Policies to rebuild both in the short and long term entail strengthening health services and putting in place very targeted stimulus measures to help reignite growth. This includes efforts to maintain the private sector and get money directly to people so that we may see a quicker return to business creation after this pandemic has passed.
During the mitigation period the World Bank said countries should focus on sustaining economic activity, with targeted support to provide liquidity to households, firms and government essential services. At the same time, policymakers should remain vigilant to counter potential financial disruptions.
“During the recovery period, countries will need to calibrate the winding down of public support and should be targeting broader development challenges.”

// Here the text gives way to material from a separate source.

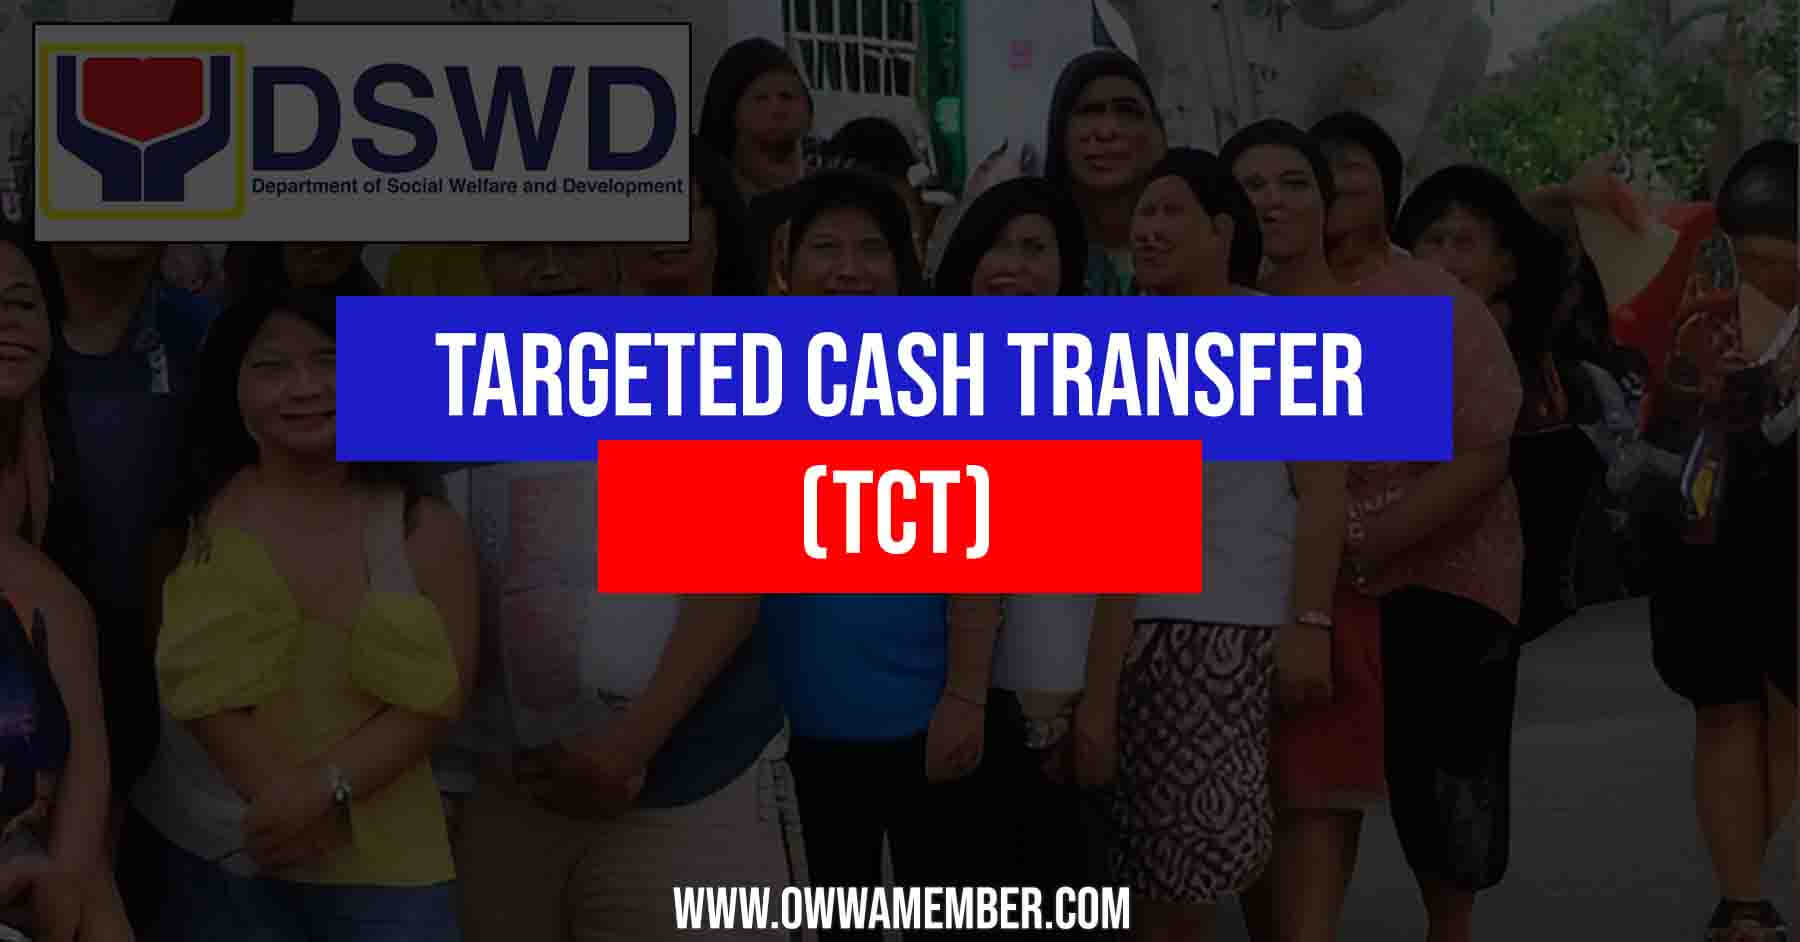 dswd targeted cash transfer program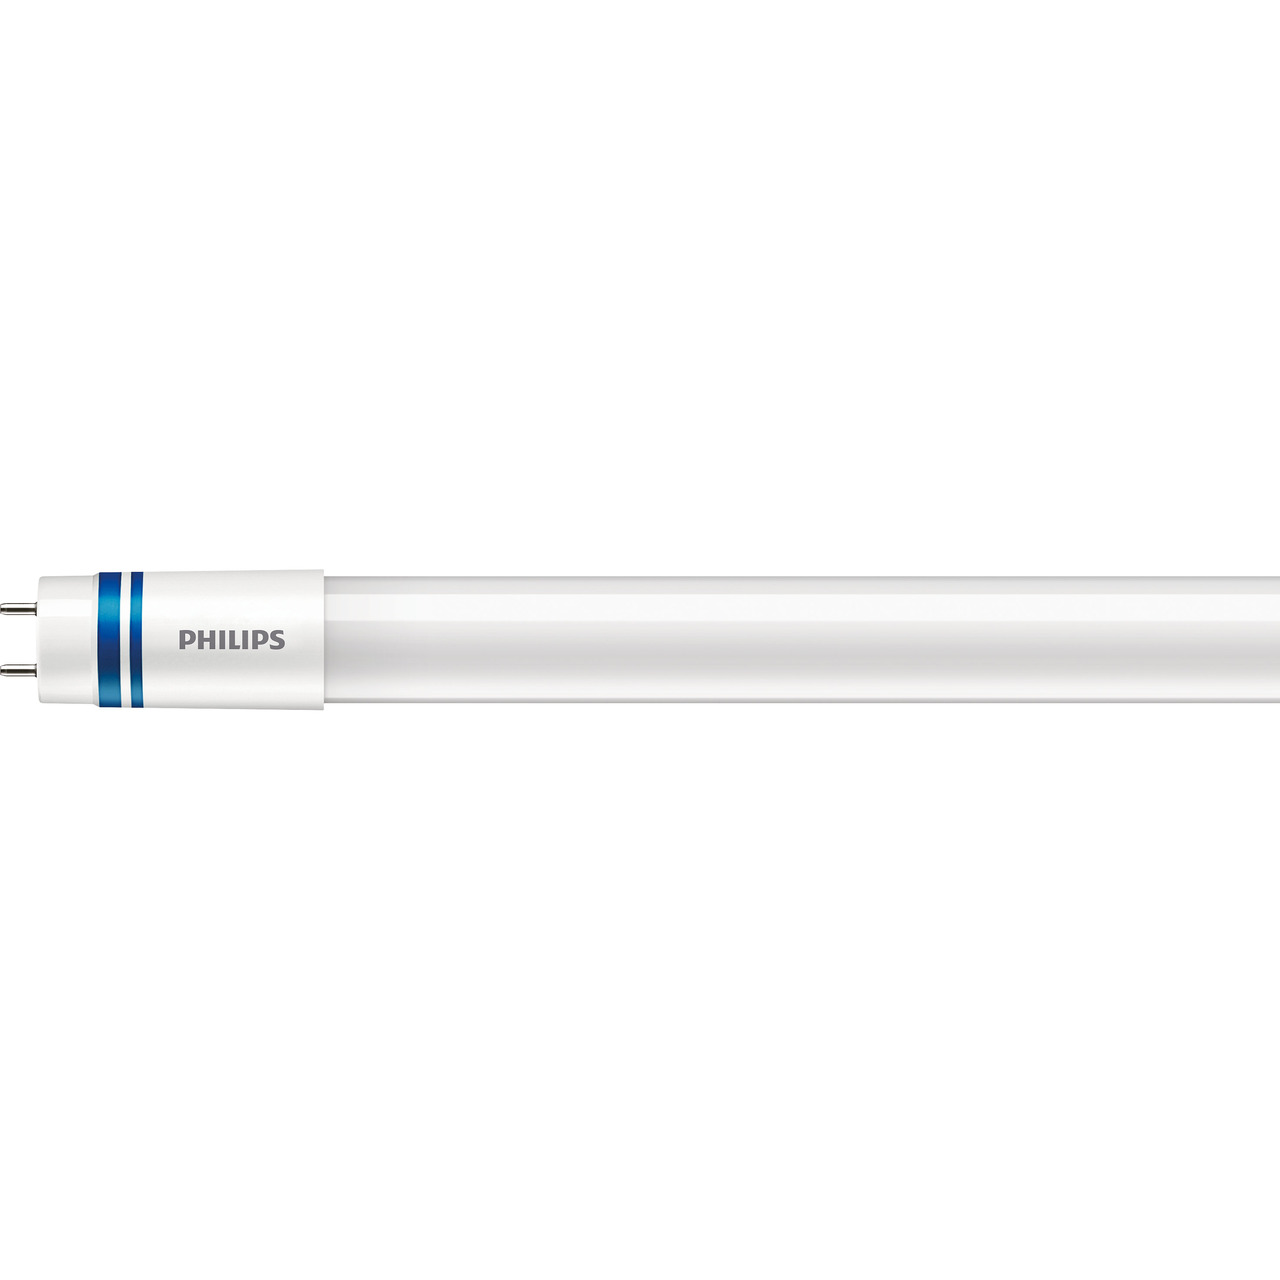 Philips 8-W-T8-LED-Röhrenlampe Master LEDtube HO InstantFit- 1050 lm- 600 mm- kaltweiss- EVG unter Beleuchtung

The analysis discusses the importance of allowing an orderly allocation of new capital toward sectors that are productive in the new post-pandemic structures that emerge. To succeed in this, countries will need reforms that allow capital and labour to adjust relatively fast — by speeding the resolution of disputes, reducing regulatory barriers, and reforming the costly subsidies, monopolies and protected State-owned enterprises that have slowed development.
The World Bank notes that in the short-term, while restrictions on transport and travel remain in place, low oil prices are unlikely to provide much support for growth and may, instead, compound the damage wrought by the pandemic by further weakening the finances of producers. Low oil prices are likely to provide, at best, marginal support to global activity early in the recovery.
“Oil-exporting, emerging and developing economies entered the current crisis with eroded fiscal positions after having drawn on them to weather the 2014-16 oil price drop. In addition to the unprecedented public health crisis, these economies are now experiencing sharp economic downturns as their export revenues nosedive,” said Ayhan Kose, director of the World Bank’s Prospects Group.
“Even if oil prices rise as global oil demand recovers, the recent plunge in prices is another reminder for oil-exporting countries of the urgency to continue with reforms to diversify their economies.”